European Stocks Decline Over Rate Hike Concerns
On Thursday, European equities did not get off to a good start for the month, as they dropped to lows not seen in seven weeks.
This was in light of worries over inflation that is reaching decade-highs, weakening economic growth, and the possibility of an aggressive increase in borrowing costs.
Data brings down the market
The continent-wide STOXX 600 index suffered losses of 1.8% for the day, as all sectors were down. It ended the day in the red for the fifth consecutive session.
A survey revealed that manufacturing activity in the euro zone had fallen for the second straight month in August.
Since demand was weak, factories were not able to sell what they had produced, prompting them to build up finished goods inventories.
Moreover, data on Wednesday also showed that inflation in the region had also clocked another high in the previous month.
This prompted money markets to price in an 80% possibility of the European Central Bank (ECB) hiking the interest rates by 75 basis points in its meeting in the coming week.
Before the inflation data was released on Wednesday, the chance of such a super-sized hike had stood at just 50%.
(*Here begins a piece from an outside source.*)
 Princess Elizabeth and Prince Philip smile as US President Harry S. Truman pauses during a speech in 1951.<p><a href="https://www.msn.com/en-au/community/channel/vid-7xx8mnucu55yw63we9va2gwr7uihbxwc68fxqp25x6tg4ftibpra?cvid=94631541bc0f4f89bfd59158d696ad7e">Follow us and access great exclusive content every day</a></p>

Market analysts said that both sides of the Atlantic had seen policymakers maintain a hawkish stance, even if it means dealing with a recession.
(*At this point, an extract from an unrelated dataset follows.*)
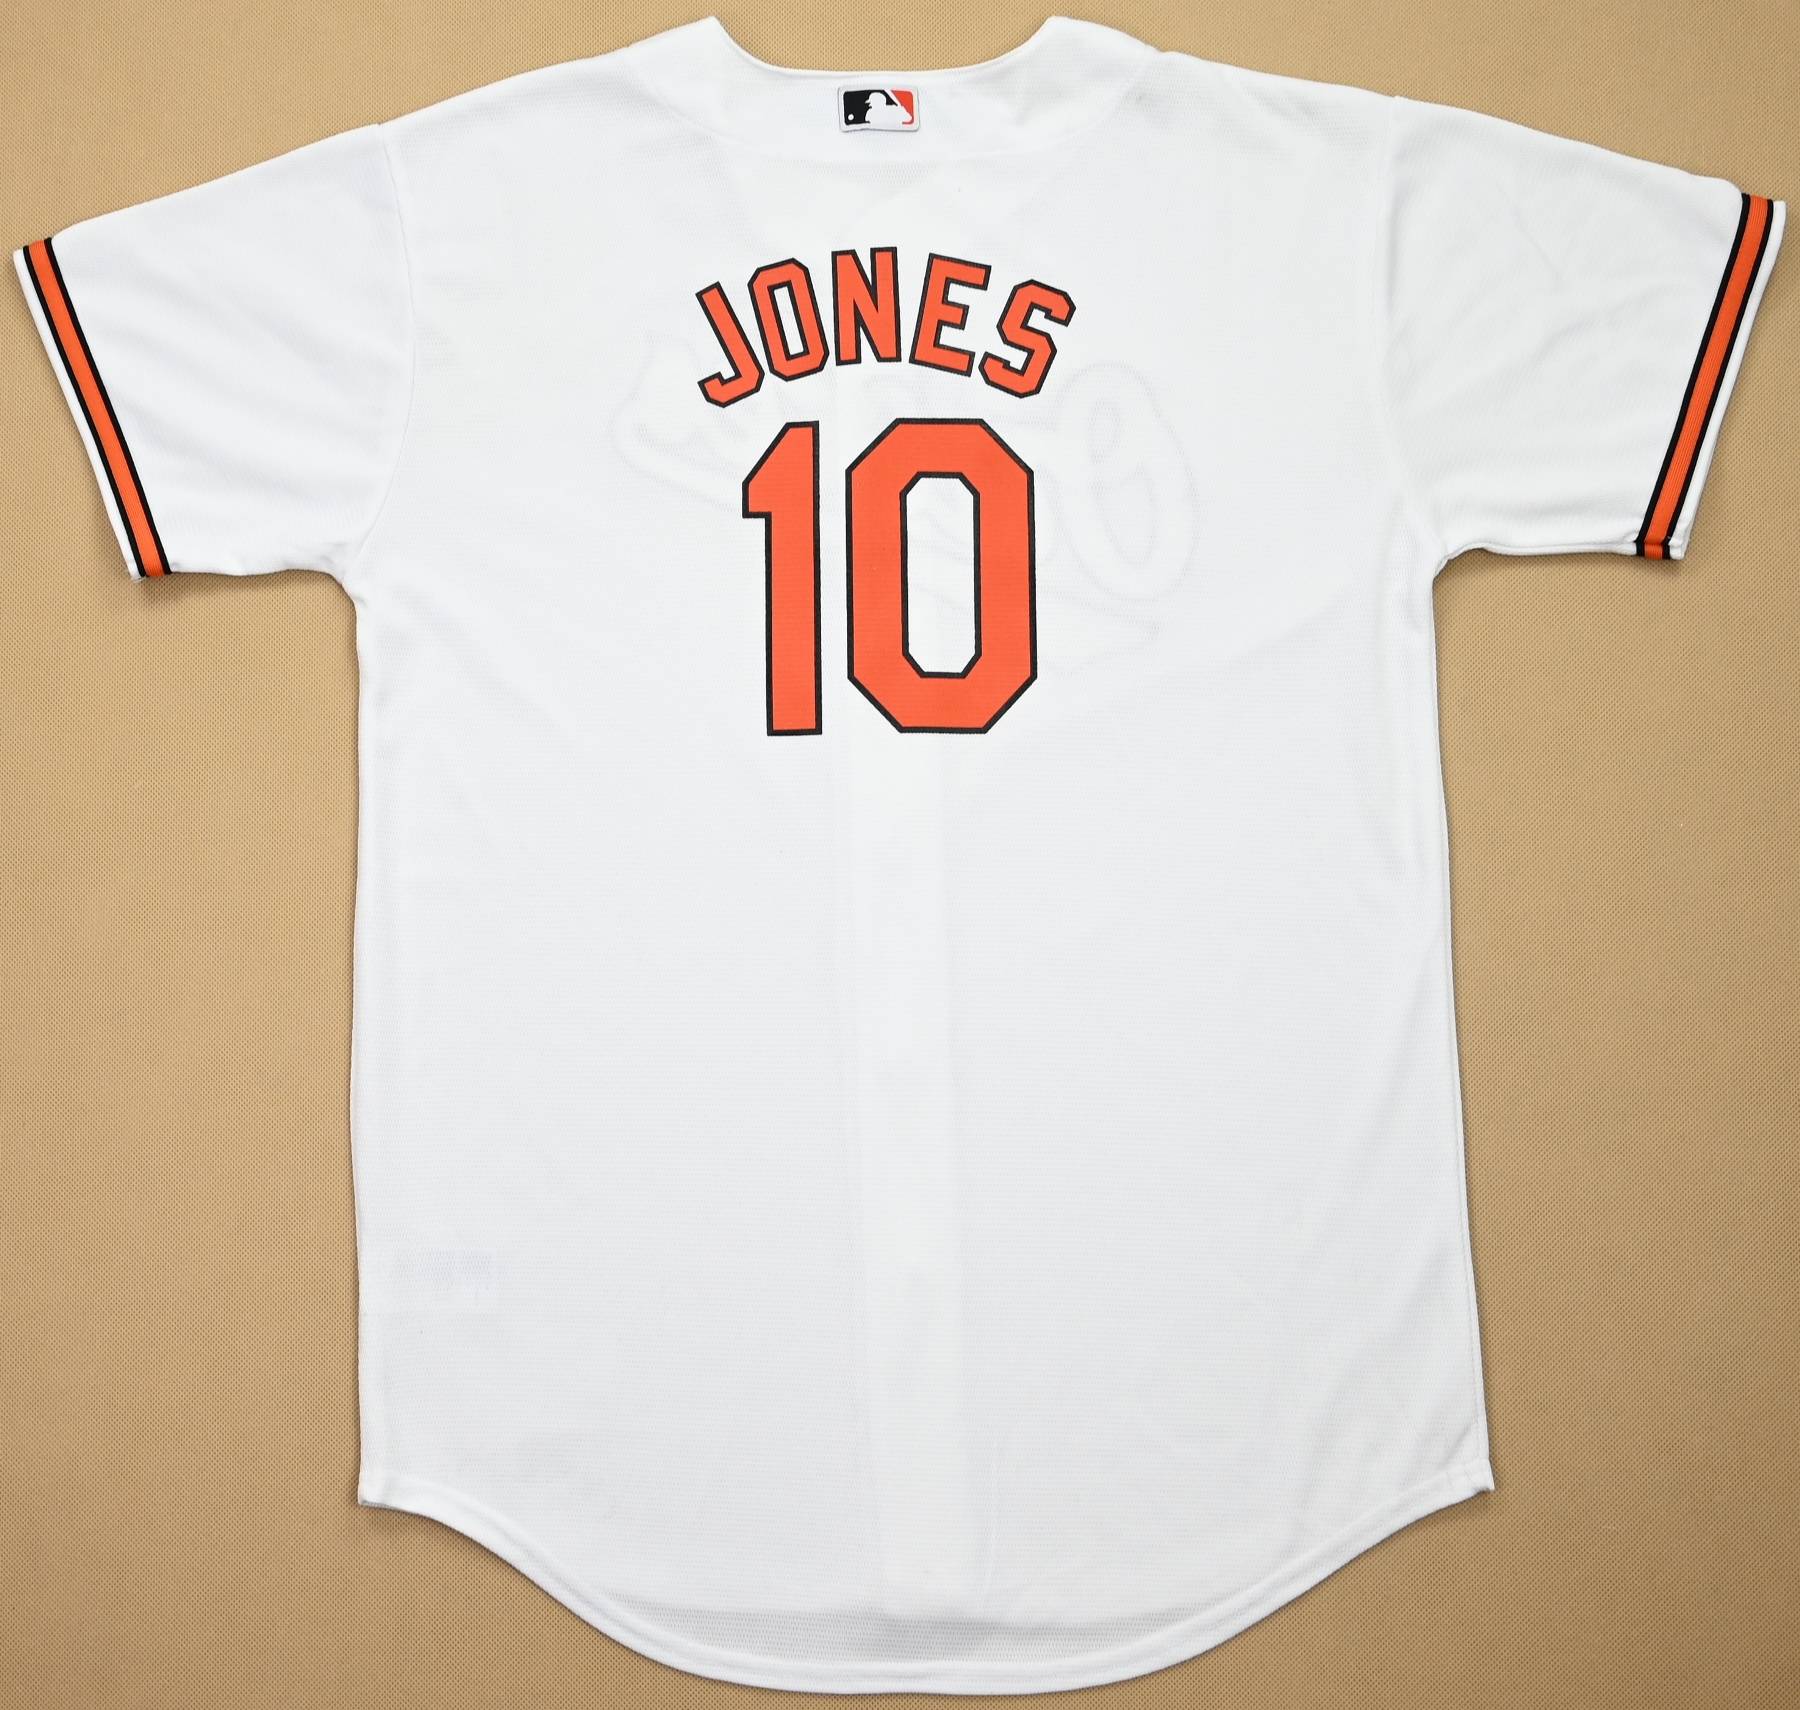 Baltimore Orioles 6 Size MLB Jerseys for sale

Adding to the worry was the announcement of a lockdown in Chengdu, one of the biggest cities in China, as it began city-wide COVID-19 testing that will continue for four days.
This prompted a 3.8% decline in miners exposed to China, which led to losses in European stocks due to a fall in metal prices.
Luxury stocks were also weighed down for the day, as Hermes, Kerin, and LVMH, the owner of Louis Vuitton, all suffered drops between 2.2% and 2.5%.
The smallest drops were recorded in the defensive sector, which included telecoms and utilities. A 3.1% drop was recorded in Lufthansa in Germany.
This was after a 24-hour strike was announced by a trade union of pilots for Friday since no agreement was reached in terms of wages between the two parties.
A 5.2% fall was also recorded in Reckitt Benckiser after it announced that Laxman Narasimhan, the CEO, would step down from the position that he has held for three years.
Additional data showed an unexpected increase of 1.9% in German retail sales in July, as the food and online retail sector made some recovery.
Analysts had been expecting the sales to stagnate. Therefore, the data served as a rare bright spot, as the costs of goods and services have risen due to the soaring prices of gas after the Russia and Ukraine war.
Market analysts said that consumer confidence would see a boost if there was an improvement in the energy situation for people, with the winter months approaching.
This would definitely benefit the entire economy, including the retailers, but it seems highly unlikely as the gas supply is expected to halt completely.